> [Problem statement]
Below are some records; quote exactly the lines from the one that contains "Introduci il chessboxing" through the one that contains "Ferrari LaFerrari: il", inclusive, and no others.

> [Source data]
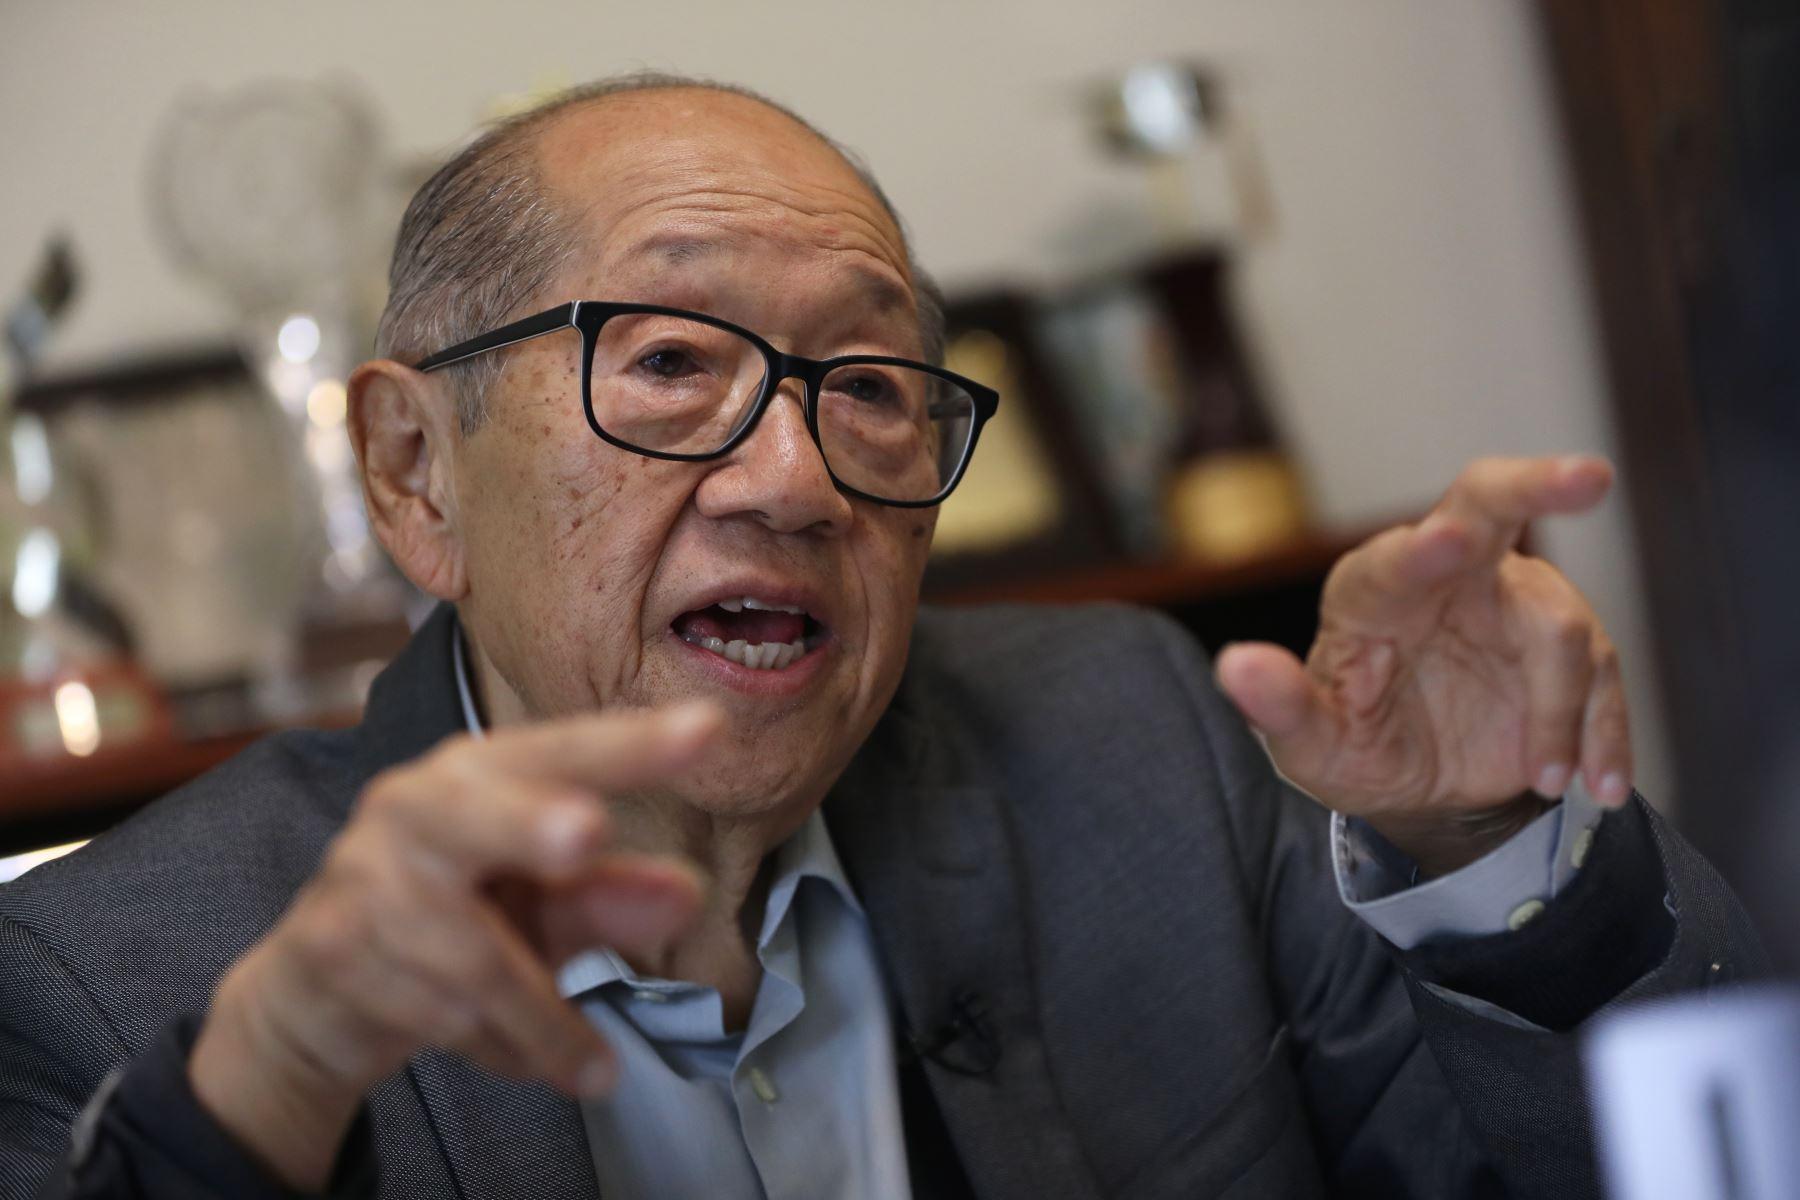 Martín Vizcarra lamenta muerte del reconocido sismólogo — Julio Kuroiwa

--

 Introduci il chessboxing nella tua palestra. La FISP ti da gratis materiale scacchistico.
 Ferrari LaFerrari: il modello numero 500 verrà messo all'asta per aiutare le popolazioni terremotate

> [Reply]
 Introduci il chessboxing nella tua palestra. La FISP ti da gratis materiale scacchistico.
 Ferrari LaFerrari: il modello numero 500 verrà messo all'asta per aiutare le popolazioni terremotate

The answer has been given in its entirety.